We present further analyses of Uranus' global-scale near-IR H2 and H3+ emissions observed from 1993 to 1995 at the UKIRT and IRTF. Auroral processes apparently play only a secondary role in the excitation. The temperature of these species varies mildly with longitude. It also varies between apparitions, indicating a long-term variation of Uranus' thermospheric structure. For a relatively quiescent period in June 1995, the average H2 rotational temperature was 624 K and the nightly rotational temperature varied with rotational phase over the range, 591-641 K. An auroral component to the emission may have been detected when unusually high H2 rotational temperatures were observed for some rotational phases in 1993 and 1994, and when an unusually high vibrational temperature of H3+ was observed in 1993 while the H2 rotational temperature was also anomalously high. By including the T(P) structure determined by Voyager underneath a thick isothermal layer, it is possible to explain the observed H2 emissions in terms of a population of the rotational and vibrational levels consistent with thermal equilibrium. This is in contrast to Jupiter where the v=1 vibrational level is strongly overpopulated due to the auroral precipitation.
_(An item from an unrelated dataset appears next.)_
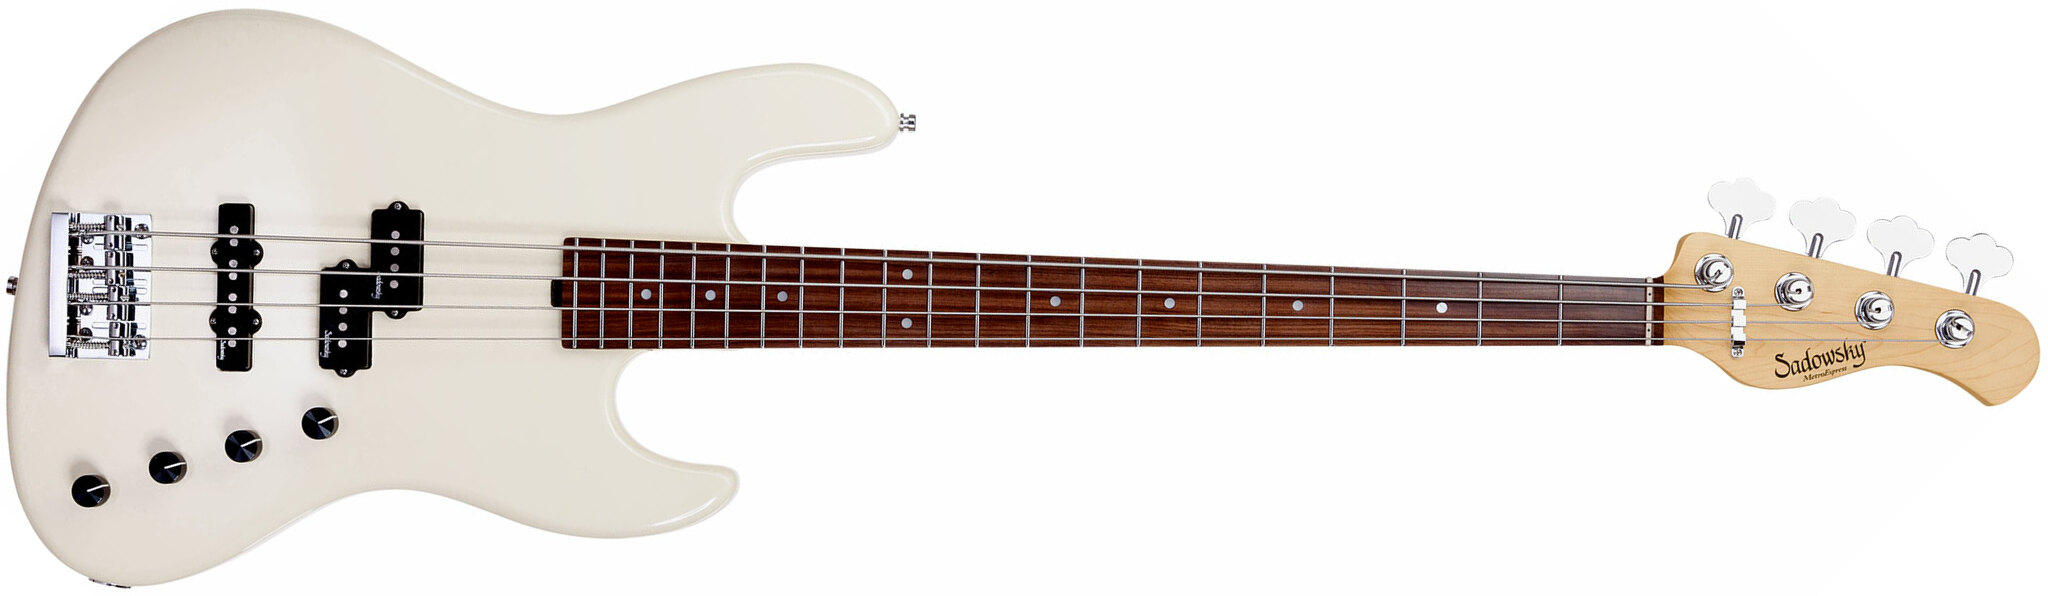 Sadowsky Verdine White 21 Fret 4c Metroexpress Signature Rw - Olympic White - Solid body electric bass - Main picture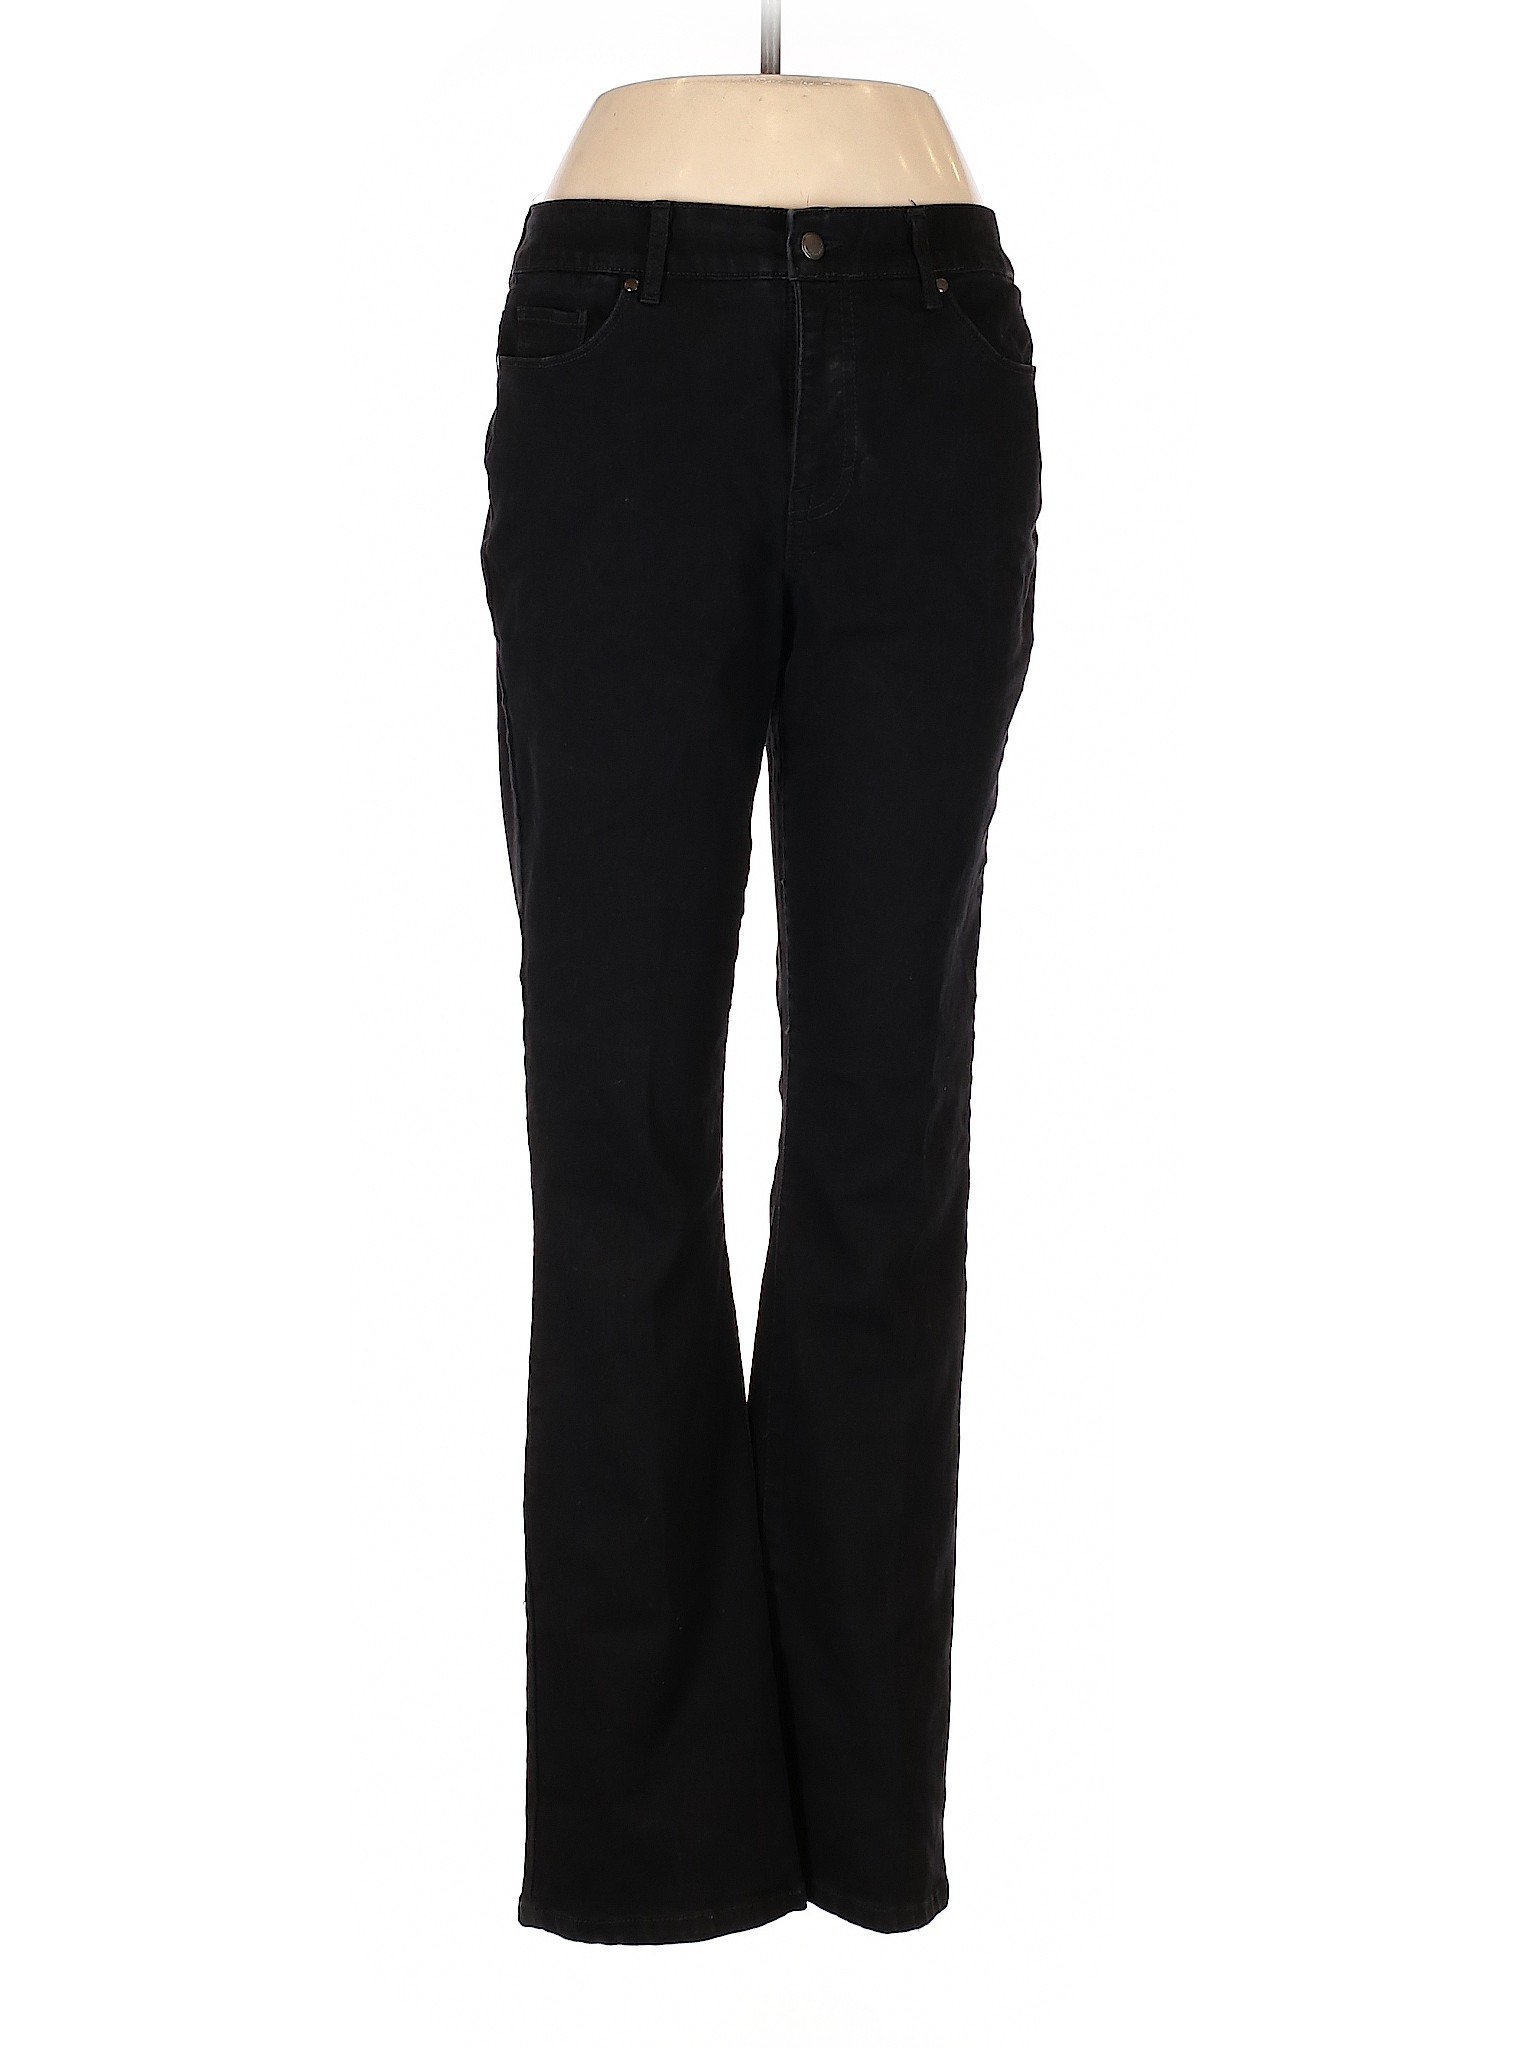 Bandolino Women Black Casual Pants 10 | eBay

However, H3+ appears to deviate from thermal equilibrium. Unlike the case for Jupiter, Uranus' global H3+ emission exhibits a vibrational temperature noticeably cooler than the rotational temperature, indicating a significant underpopulation in the v=2 vibrational state relative to the v=1 state. This appears to result from the low ambient ionospheric densities (<1012 cm-3, and associated low collisional excitation rates. The emission from H2 increases sharply towards the polar limbs and extends ~10% beyond them. This is consistent with high-altitude emission from a thick, vertically inhomogeneous shell spanning the ionosphere and thermosphere above the homopause. The fundamental-band H3+ emission has a pronounced concentration towards the subsolar point of the planet. This suggests that H3+ is excited primarily by the Sun; e.g., through ionization of H2 by EUV penetrating the H corona to form H2+ which then reacts exothermally with H2 to form excited H3+.